"My kind and good Nanny!" said Eve, taking her old nurse in her arms, their tears mingling in silence for near a minute. "You have seen your child enter on the last of her great earthly engagements, Nanny, and I know you pray that they may prove happy."

"I do--I do--I do--ma'am--madam--Miss Eve--what am I to call you in future, ma'am?"

"Call me Miss Eve, as you have done since my childhood, dearest Nanny." Nanny received this permission with delight, and twenty times that morning she availed herself of the permission; and she continued to use the term until, two years later, she danced a miniature Eve on her knee, as she had done its mother before her, when matronly rank began silently to assert its rights, and our present bride became Mrs.
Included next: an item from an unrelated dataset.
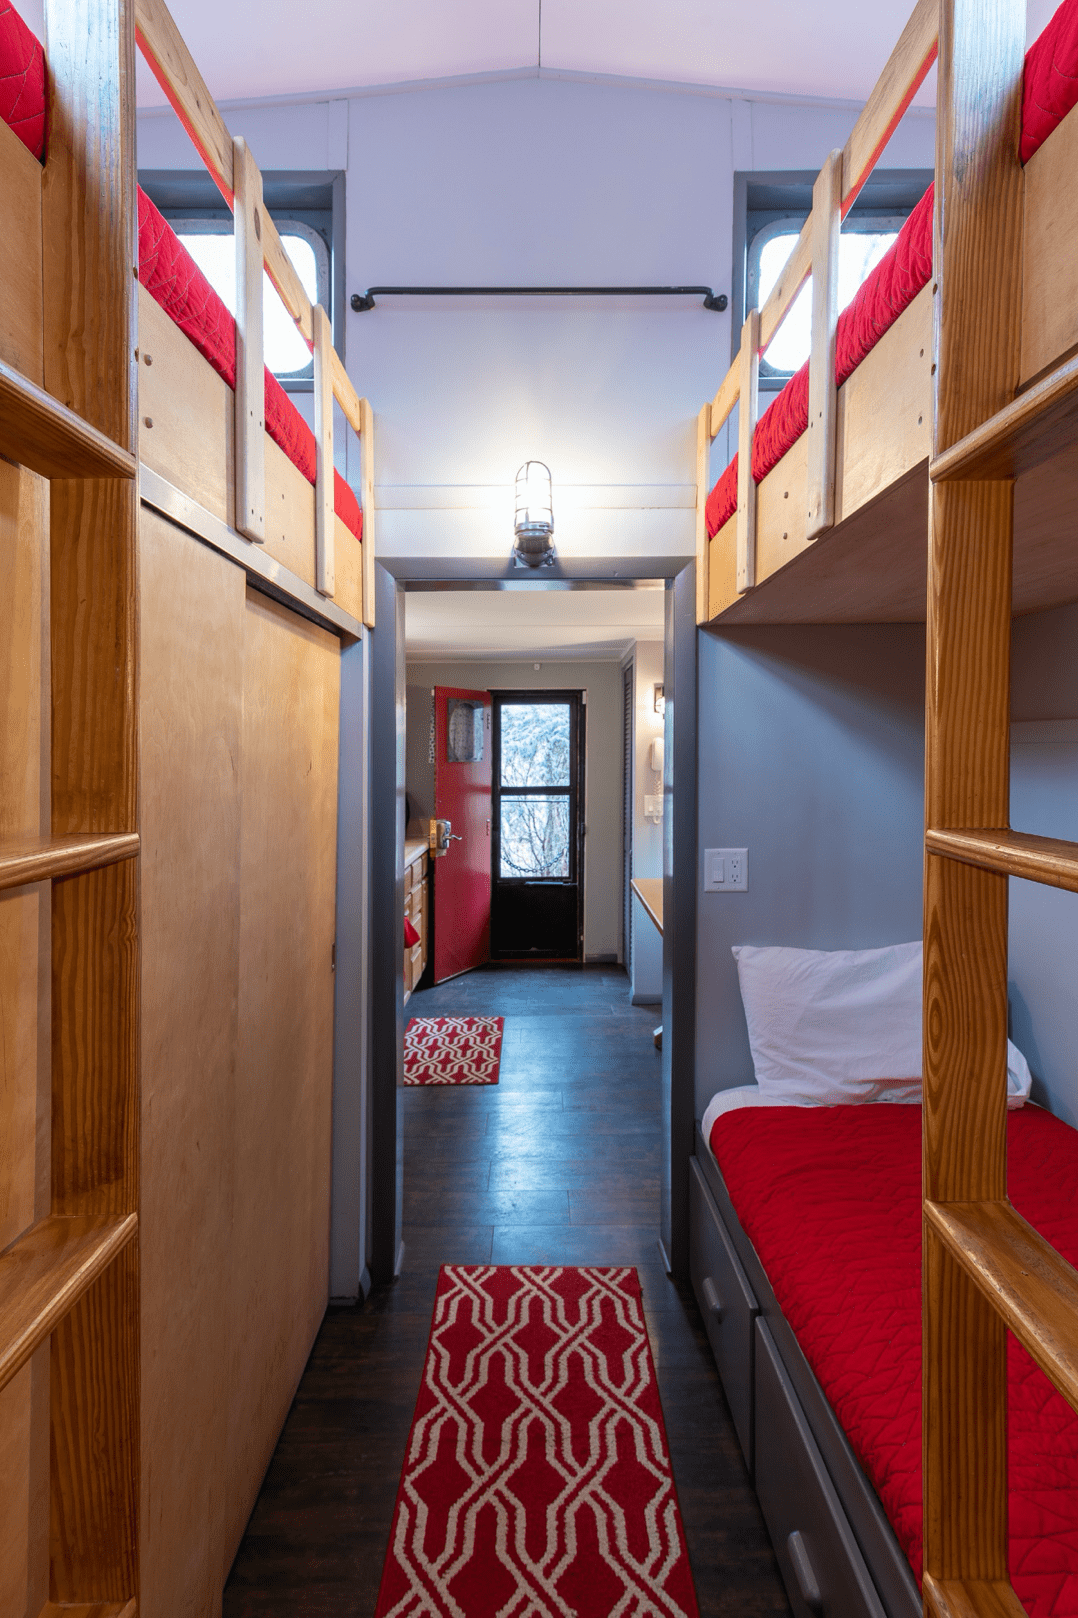 bunk beds in caboose

Effingham.

"I shall not quit you, ma'am, now that you are married?" Ann Sidley timidly asked; for, although she could scarcely think such an event within the bounds of probability, and Eve had already more than once assured her of the contrary with her own tongue, still did she love to have assurance made doubly sure. "I hope nothing will ever happen to make me quit you, ma'am?"

"Nothing of that sort, with my consent, ever shall happen, my excellent Nanny. And now that Annette is about to get married, I shall have more than the usual necessity for your services."

"And Mamerzelle, ma'am?" inquired Nanny, with sparkling eyes; "I suppose she, too, will return to her own country, now you know every thing, and have no farther occasion for her?"

"Mademoiselle Viefville will return to France in the autumn, but it will be with us all; for my dear father, cousin Jack, my husband--" Eve blushed as she pronounced the novel word--"and myself, not forgetting you my old nurse, will all sail for England, with Sir George and Lady Templemore, on our way to Italy, the first week in October."

"I care not, ma'am, so that I go with you. I would rather we did not live in a country where I cannot understand all that the people say to you, but wherever you are will be my earthly paradise."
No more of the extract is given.